Movement: The Foundation
The first M is Movement. Not a CrossFit program or a marathon training plan—just the discipline of moving your body consistently. Dave’s experience in the Navy taught him that physical activity isn’t optional for mental health. It’s the baseline. When depression tells you to stay in bed, movement is the first act of rebellion against it. Walk, lift, stretch—it doesn’t matter what form it takes as long as you’re doing it.
Meditation: Training the Mind to Be Still
The second M addresses something veterans rarely practice: stillness. The military trains you for action, not reflection. Meditation isn’t about becoming a monk—it’s about learning to observe your own thoughts without being controlled by them. Dave explained how even five minutes of daily meditation created space between his triggers and his reactions, giving him back control that PTSD and anxiety had taken.

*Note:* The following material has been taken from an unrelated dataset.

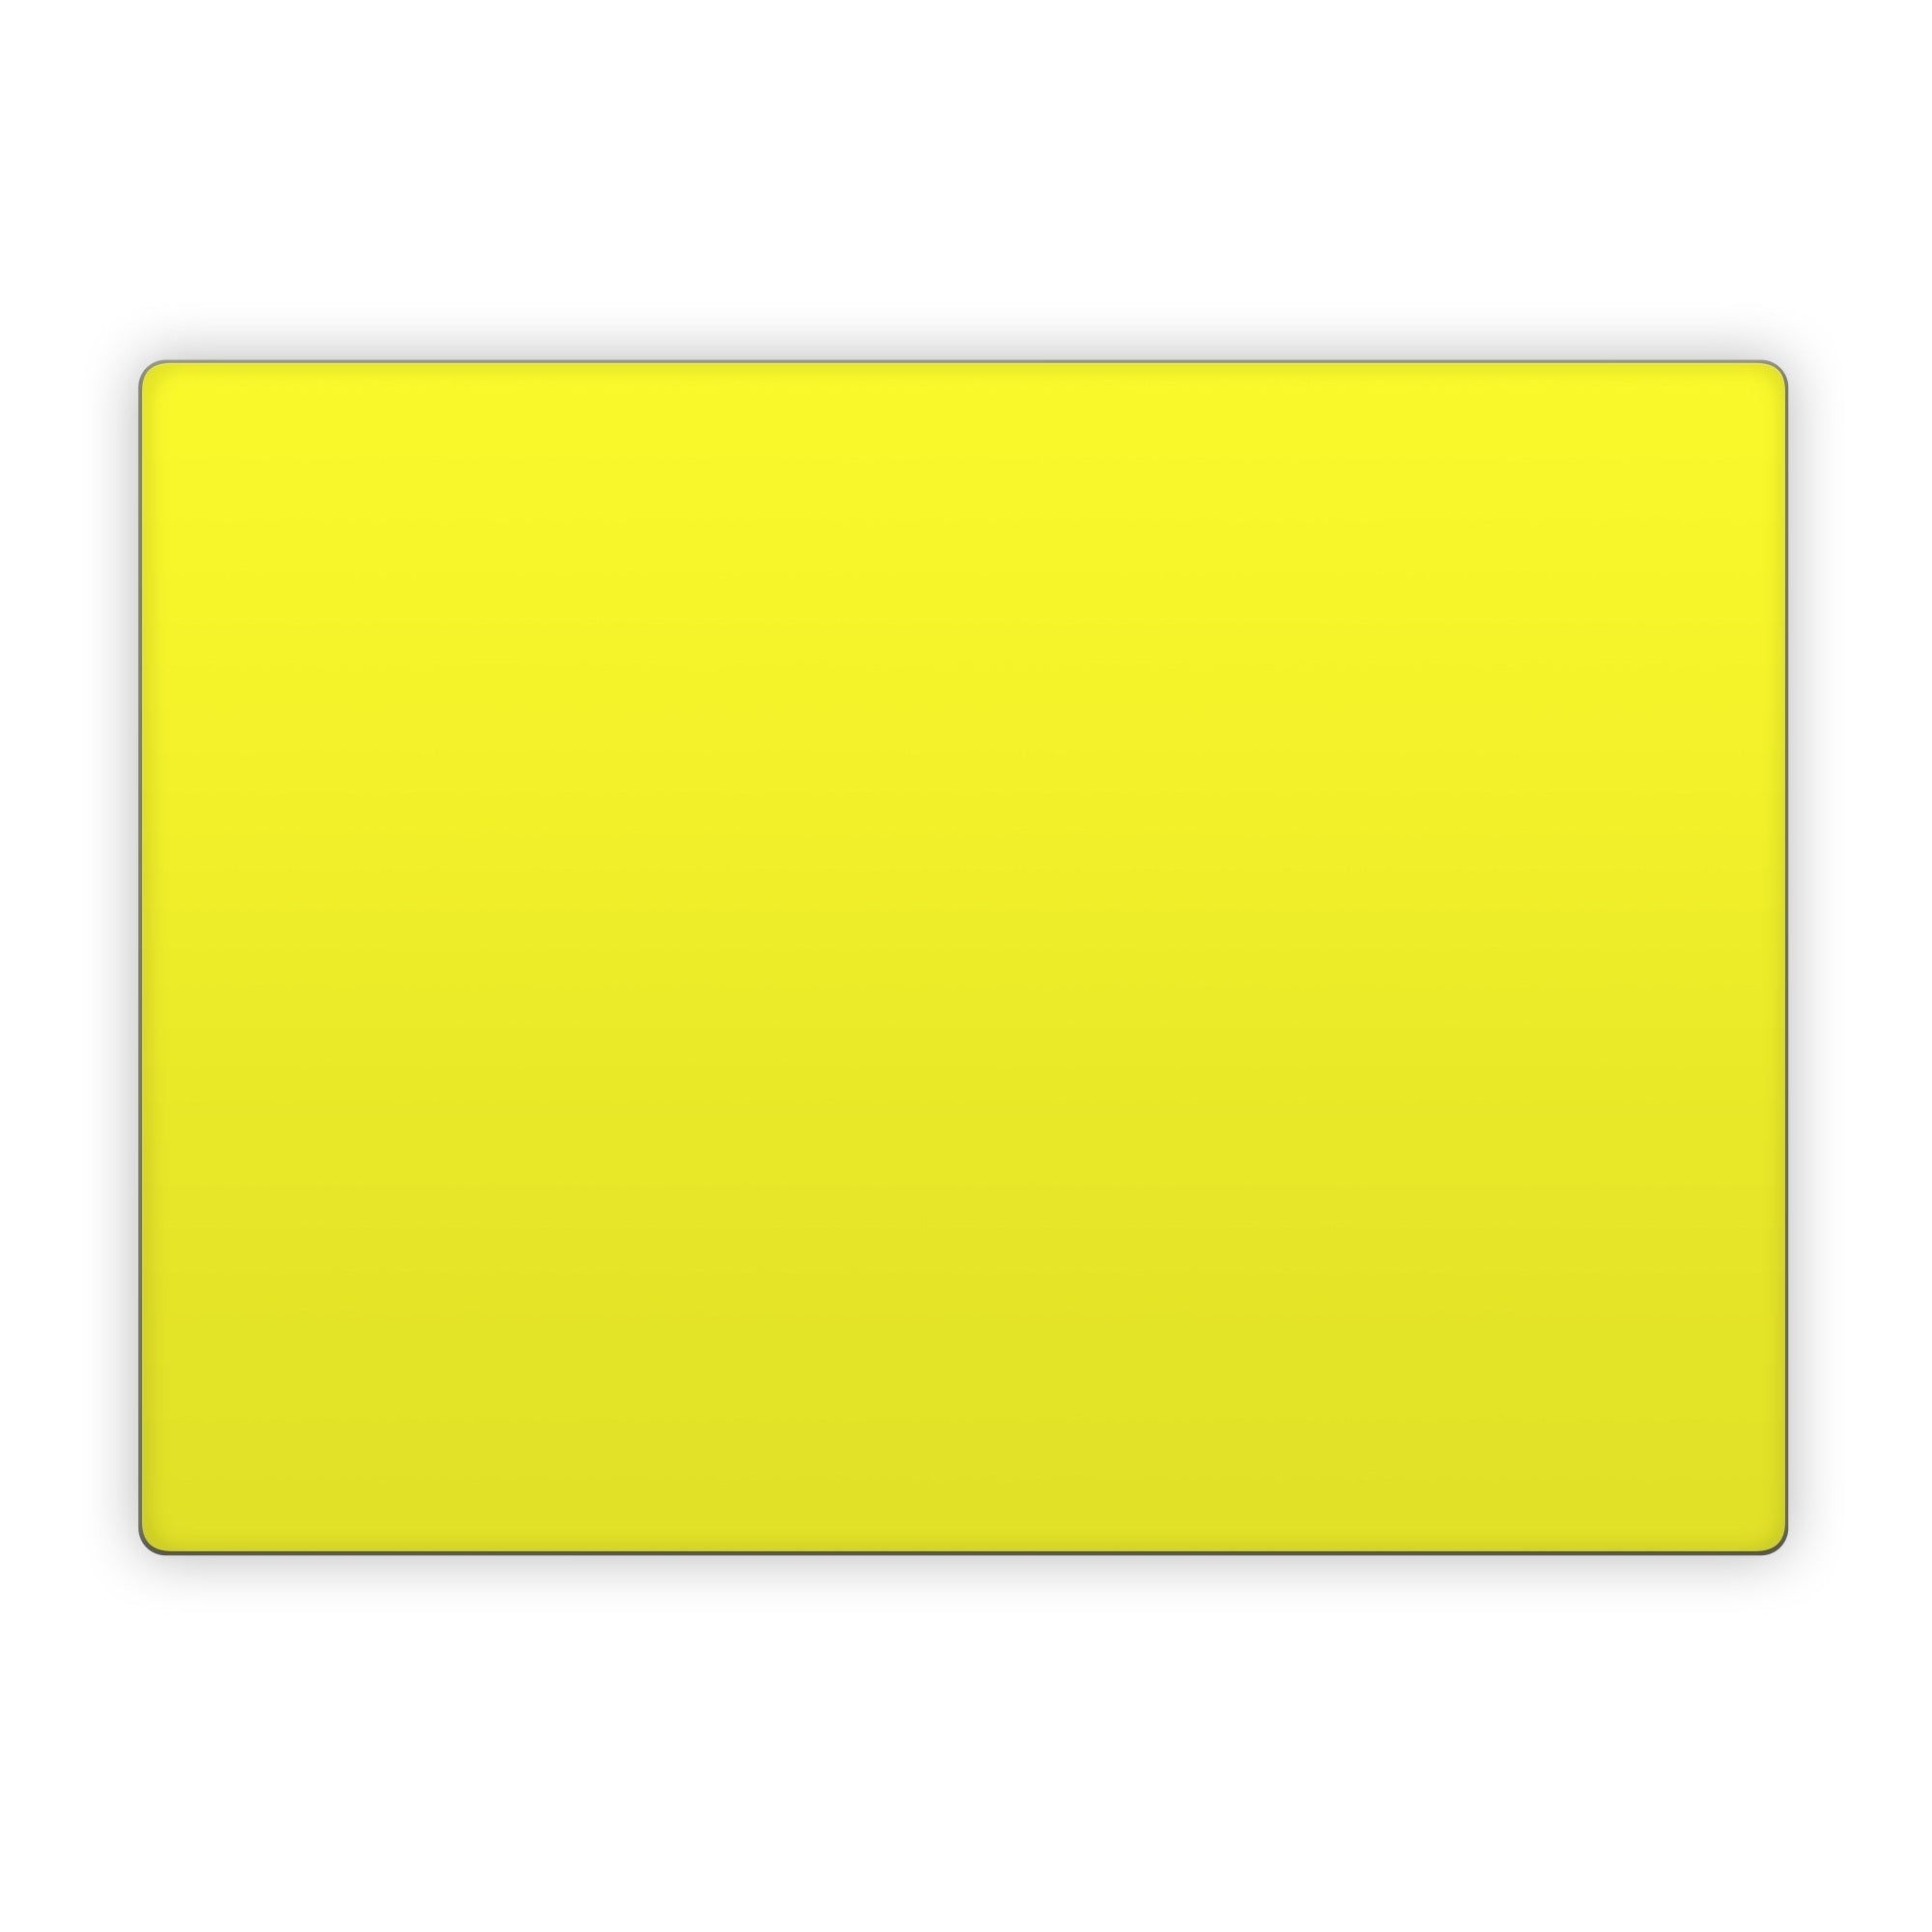 Solid State Lemon - Microsoft Surface Laptop Skin

Mind: Feeding It the Right Things
What you consume mentally matters as much as what you consume physically. Dave’s third M is about intentionally choosing what you read, watch, listen to, and think about. Depression thrives on negative input loops. Breaking those loops requires conscious decisions about the information and media you allow into your life.
Meaning: The Reason to Keep Going
The fourth M is the one that holds the other three together. Without meaning—without a reason to get up, to move, to be present, to grow—the methodology collapses. Dave argued that finding meaning after the military is the single most important task a veteran faces. It’s not given to you. You have to build it. And the Four M framework gives you the tools to do exactly that.